The backstory: a RAID card that won't TRIM

The PERC H710 is a 2012-era hardware RAID controller — an LSI 2208 under Dell's badge — and the ten Samsung 850 PRO SSDs in this box all hang off it, presented as a single ~6.7 TB virtual disk with an LVM-thin pool on top. It was excellent in its day and still does its job, but it predates any notion that the disks behind it might be SSDs that care about being told when blocks are freed: it does not pass TRIM/UNMAP through to them. Whatever the guest filesystems discard, the controller swallows, and the drives never hear about it.

That matters because of how an SSD stays fast. To keep writes snappy, the drive sets aside some of its free space as a high-speed write cache — quick blocks it can absorb incoming writes into and tidy up afterward. That only works while it has free blocks to spare, and TRIM is what keeps them coming: when you delete a file, TRIM is the signal that tells the drive "this space is free again," topping up that pool of fast, ready-to-use blocks.

Without TRIM, the drive never hears that anything was freed. Every block it has ever written to stays snagged — counted as in-use forever, even after whatever lived there is long gone. As more of the drive gets snagged, there's less and less free space left to feed that fast cache, and writes that used to land in it start falling through to the slow path instead. Nothing breaks; the drive just gets quietly slower as it fills up. On consumer drives like the 850 PRO, behind a controller that eats TRIM, it's a slow-motion problem — fine for a long time, then gradually not.

So a while back I'd built a workaround: over-provisioning, by hand. When the array was built I left roughly 100 GB on every drive unconfigured — a slice of each SSD the controller was told to simply never touch. Because the drives are never handed that space, each one always counts it as free: a permanent per-drive reserve to keep feeding that fast cache from, TRIM or no TRIM, so no drive ever runs completely dry. The one rule that makes it work behind a controller that won't pass UNMAP: the reserve has to stay genuinely untouched. A drive can never be told a block was freed, so the only blocks it knows are free are the ones it was never handed in the first place. Leave that 100 GB per drive carved out and empty, and every SSD always has somewhere to breathe.

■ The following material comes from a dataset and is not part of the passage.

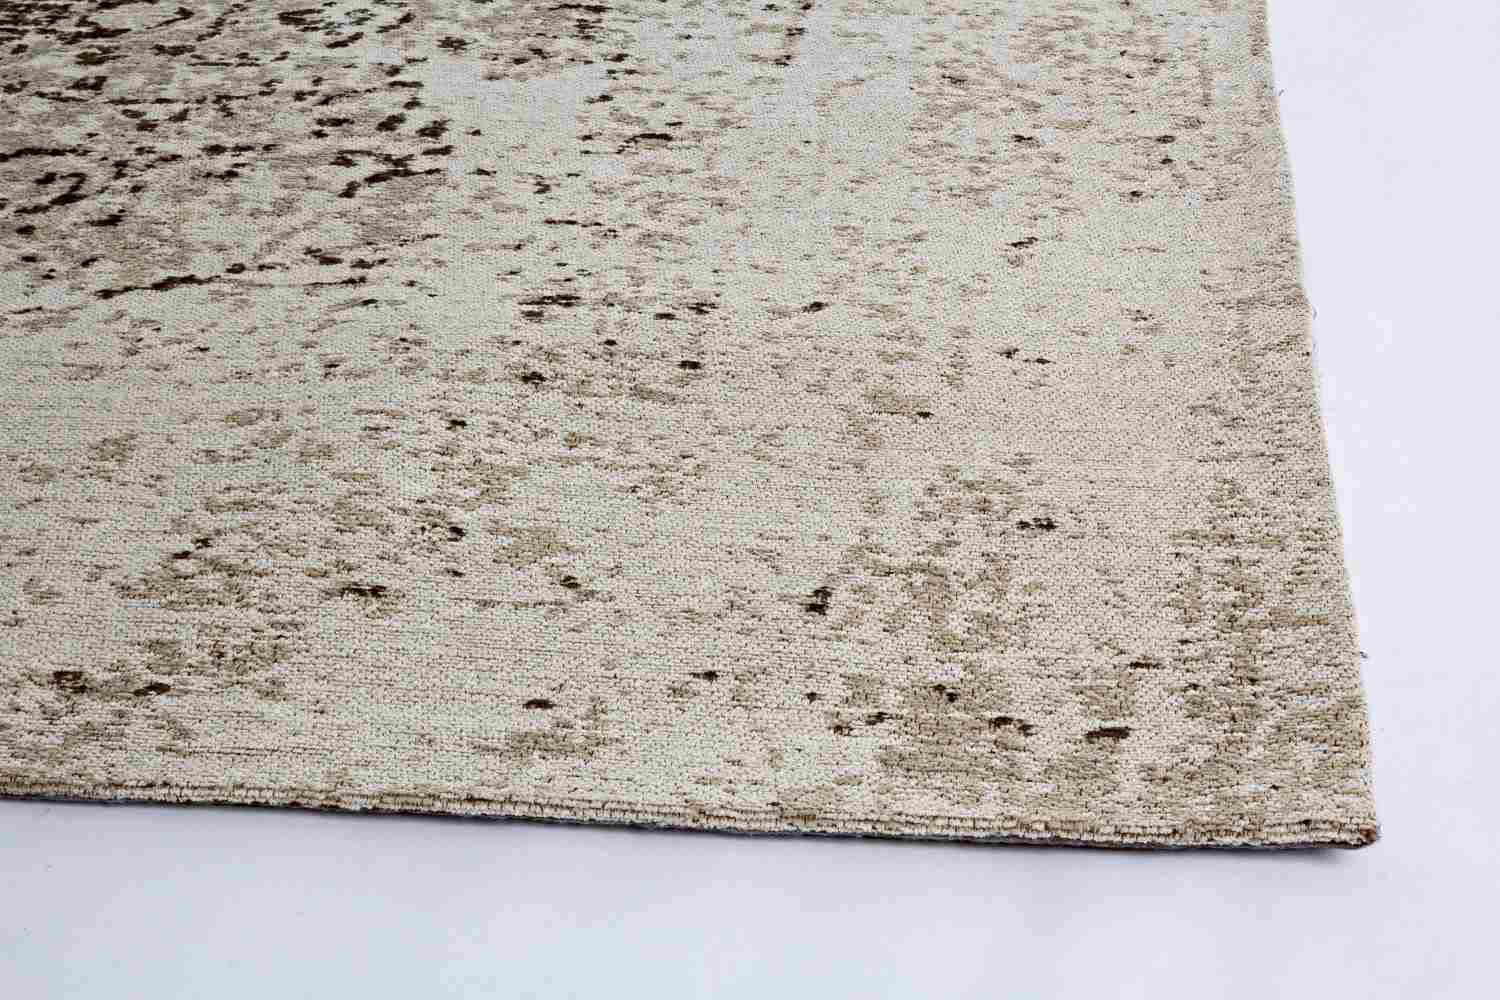 Der Teppich Jaipur überzeugt mit seinem klassischen Design. Gefertigt wurde die Vorderseite aus 95% Baumwolle und 5% Polyester, die Rückseite aus 100% Baumwolle. Der Teppich besitzt einen grauen Farbton und die Maße von 160x230 cm.

Which is exactly why, when the iowait number climbed and wouldn't leave, the no-TRIM wall was such a believable suspect. This wasn't a failure mode I'd only read about — it was the specific weakness I'd already engineered around. The obvious question was whether the 100 GB I'd left on each drive had finally stopped being enough.

It turned out to be neither. The disks were fine, the controller was fine, and the cause was a kernel I'd pinned during a major upgrade and never moved off. Here's the full walk — each step that cleared a layer is a useful reminder of how to read a system that looks sick but isn't.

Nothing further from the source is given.